Resizing could also be done with the Scale tool but I find it is easier to do this with the Tape Measure tool. 

 

 With the staves hidden, select the circle, get the Follow Me tool and click on a cutter profile. Repeat that for the other cutter. The image above shows a cross section of the results of Follow Me. 

 

 After deleting the top, bottom and outside surfaces of the turned cutter and unhiding one of the stave instances, you can see the relationship between the two. 

I’ve been asked why I make the cutter in a full circle when all that is needed is a small part of it. The reason is that it’s much faster to draw a circle with a specified center than it is to draw an arc. It’s the same amount of work to delete what I don’t need when I get finished with it. 

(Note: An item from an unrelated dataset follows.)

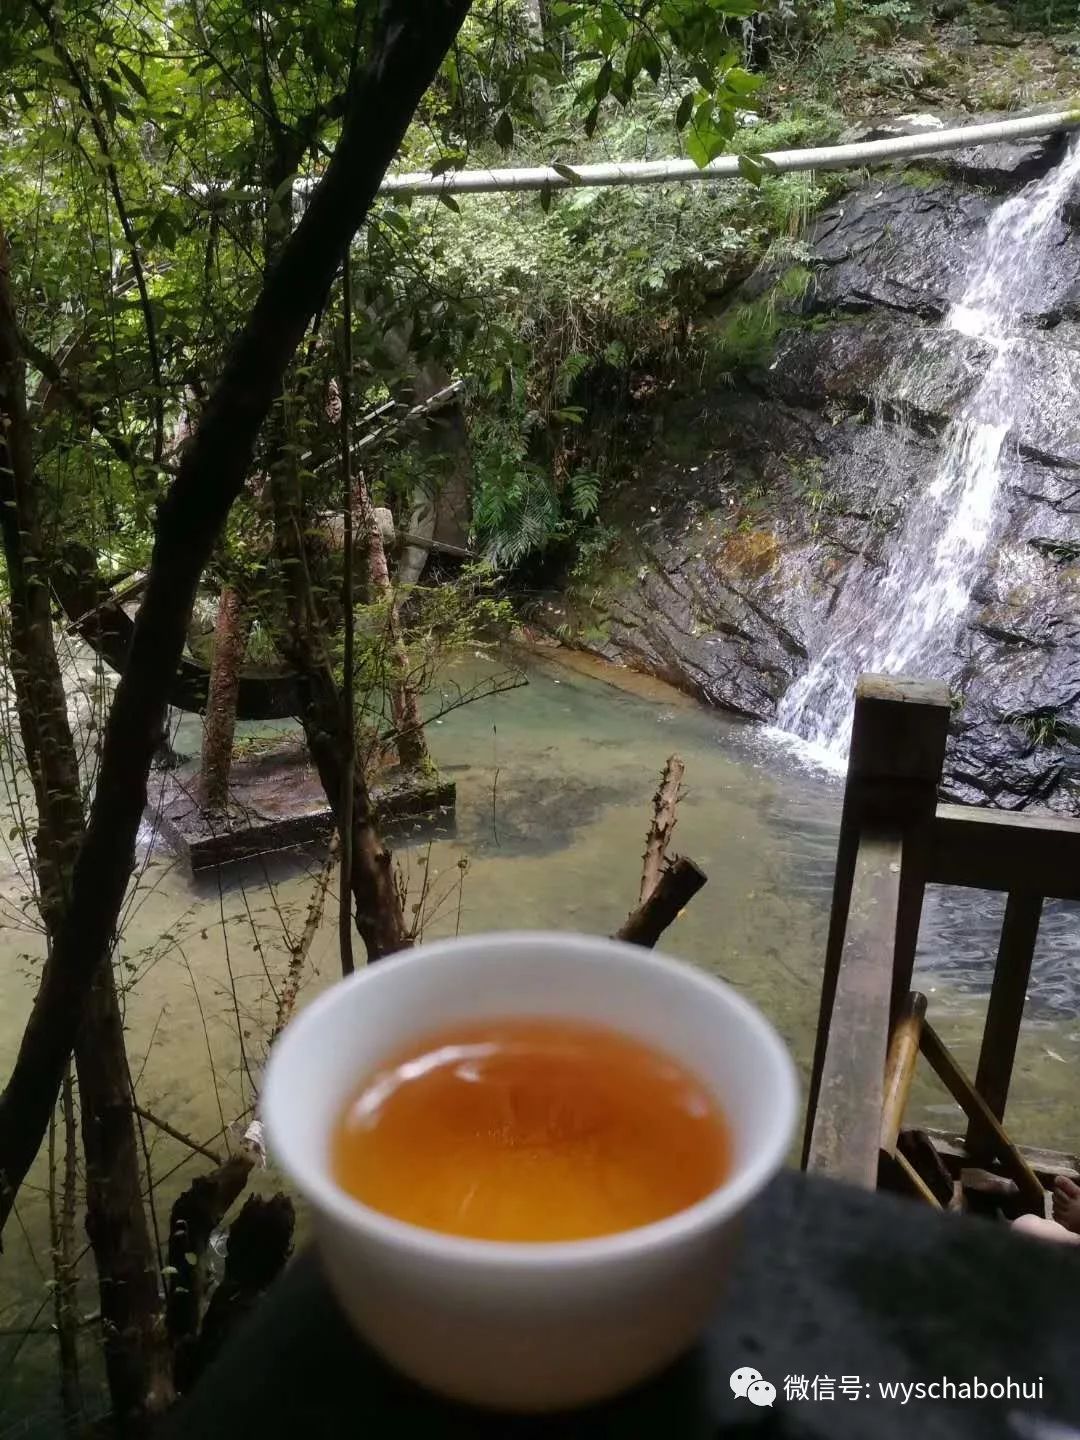 茶与水的邂逅，泡岩茶用什么水适合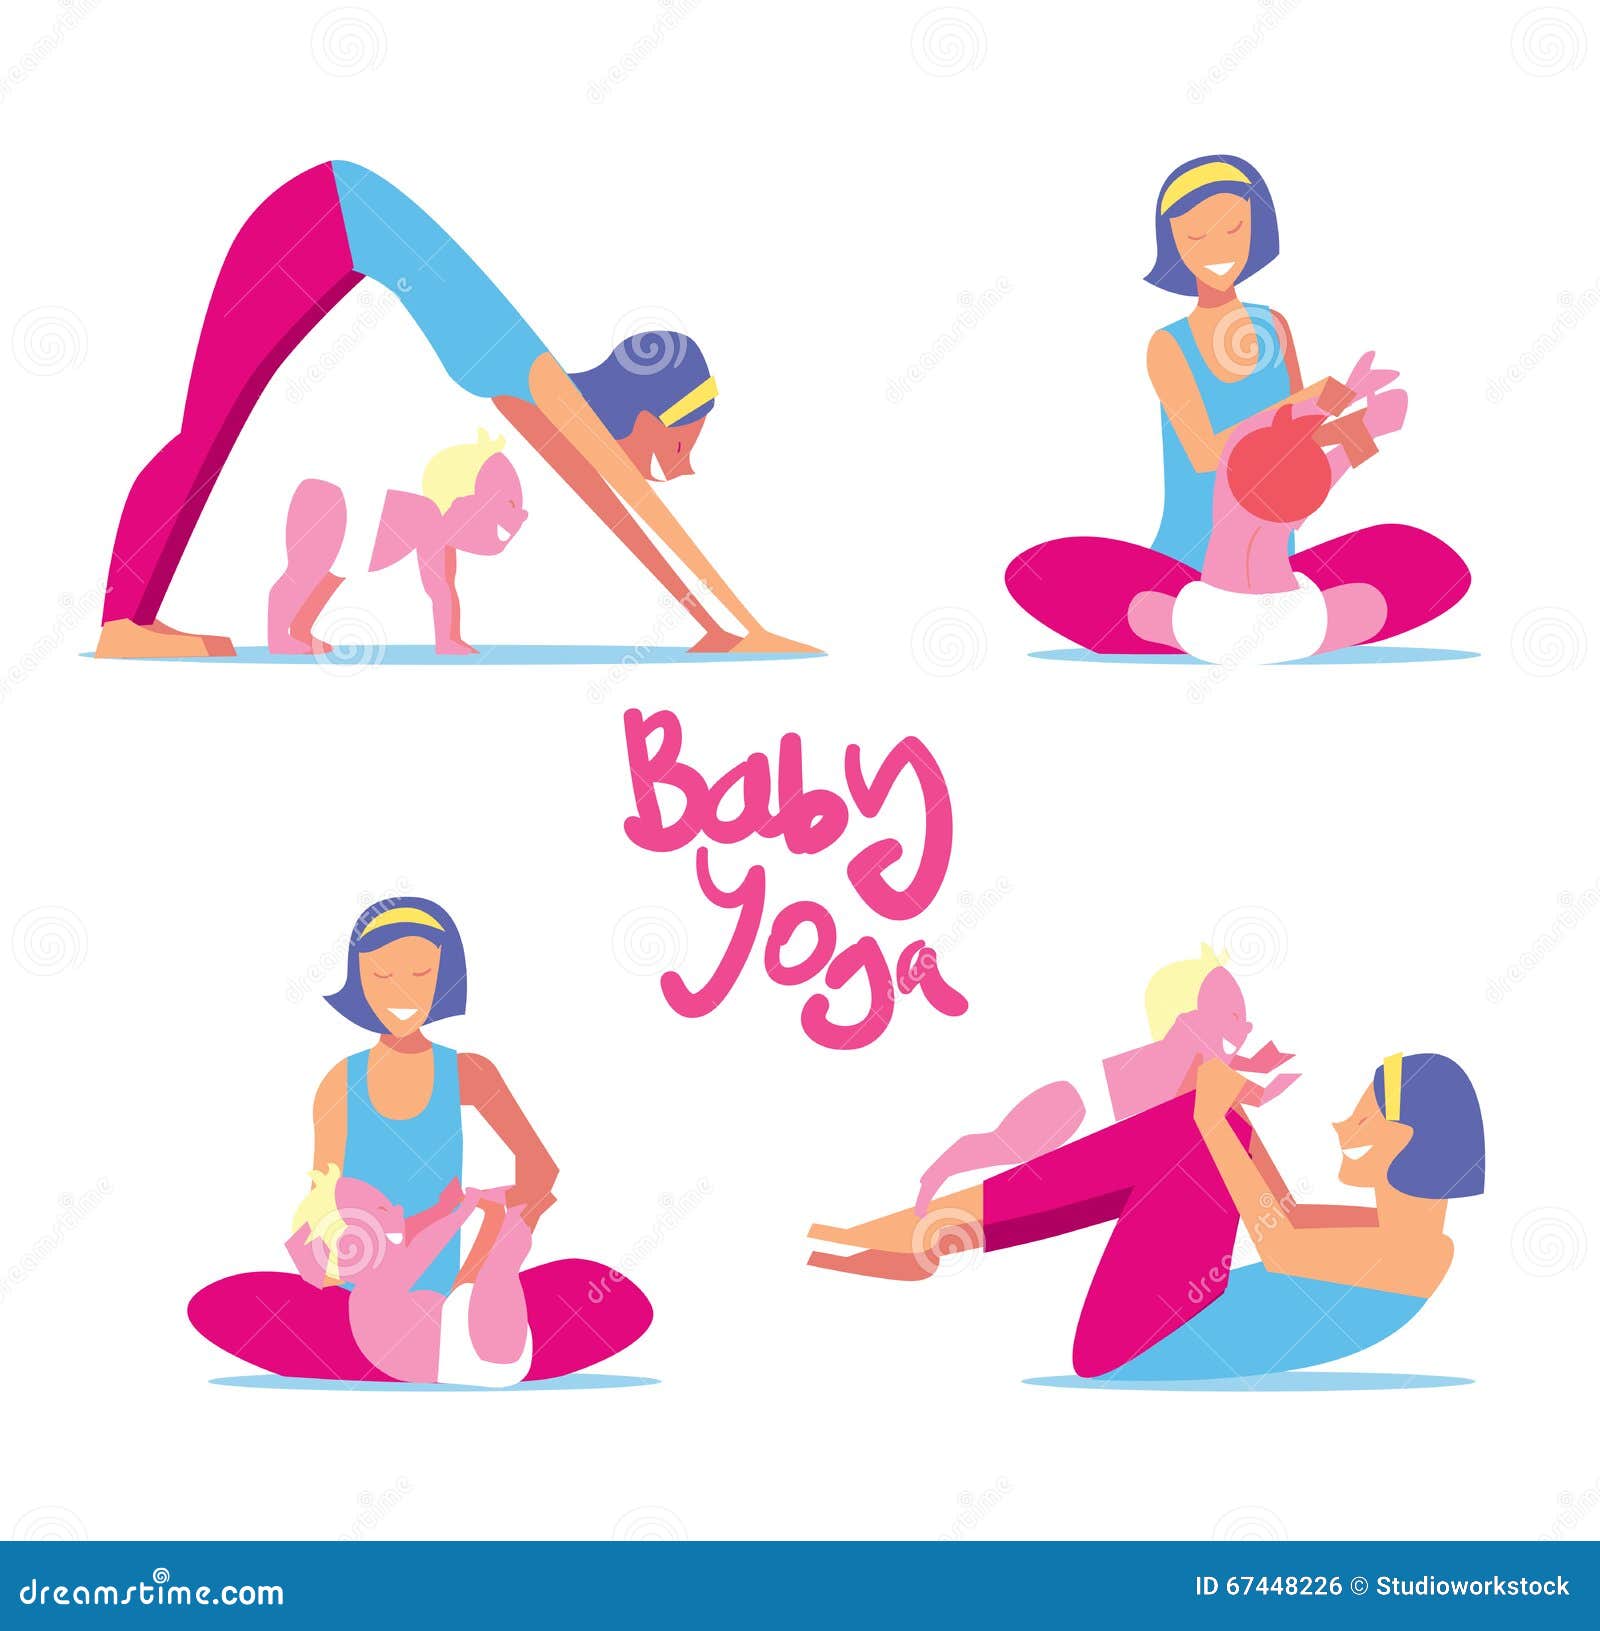 Details more than 137 mom baby yoga poses best - kidsdream.edu.vn

Notice in the image above there are no edges where the cutter passes through the stave. We need to create the intersections. 

 

 Select the entire cutter with a triple click of the select tool. Hit Ctrl-X or Command-X on the Mac to Cut the selection. Open the stave component for editing and click on Edit>Paste in Place. With the cutter geometry still selected, hold Ctrl (or Option on the Mac) and add the stave geometry to the selection. Right click and choose Intersect Faces>With Selection. After a little processing, you should see edges where the intersections have been created. 

 

 Delete the unneeded part of the cutter and you’ll be left with something like the above. 

 

 Delete the waste part of the stave and correct the face orientation and you have the turned portion of the stave. 

 

 Repeat for the other cutter and unhide the rest of the stave components.

 

Now, for users of SketchUp 8 pro, this process can be simplified a bunch by using Subtract from the Solid tools. You can forego making the copies of the stave until after the turning is complete (you could do that with the free version, too) and leave the cutters as solids after the Follow Me operation. Make the cutters components and then Subtract them from the stave. After you run Subtract, the stave is converted to a group so you’ll want to make it a component again. This process will leave you with the cutter components and the original stave component in the In Model library in case you need them again. 

 

 Get the yellow Tape Measure tool and measure the resizing line again. Type its original length and hit Enter. The pedestal is now complete. Add legs, a top and the rest and you’ve got yourself a table. 

Dave

 



posted in: blogs


Comments (2)

Bertrand1 Bertrand1 writes: Tanks Dave, it has been very instructive
Posted: 7:38 pm on April 2nd

jscharver jscharver writes: Dave,

That's sweet. A bit daunting at first, but once the concept is understood it becomes a bit easier.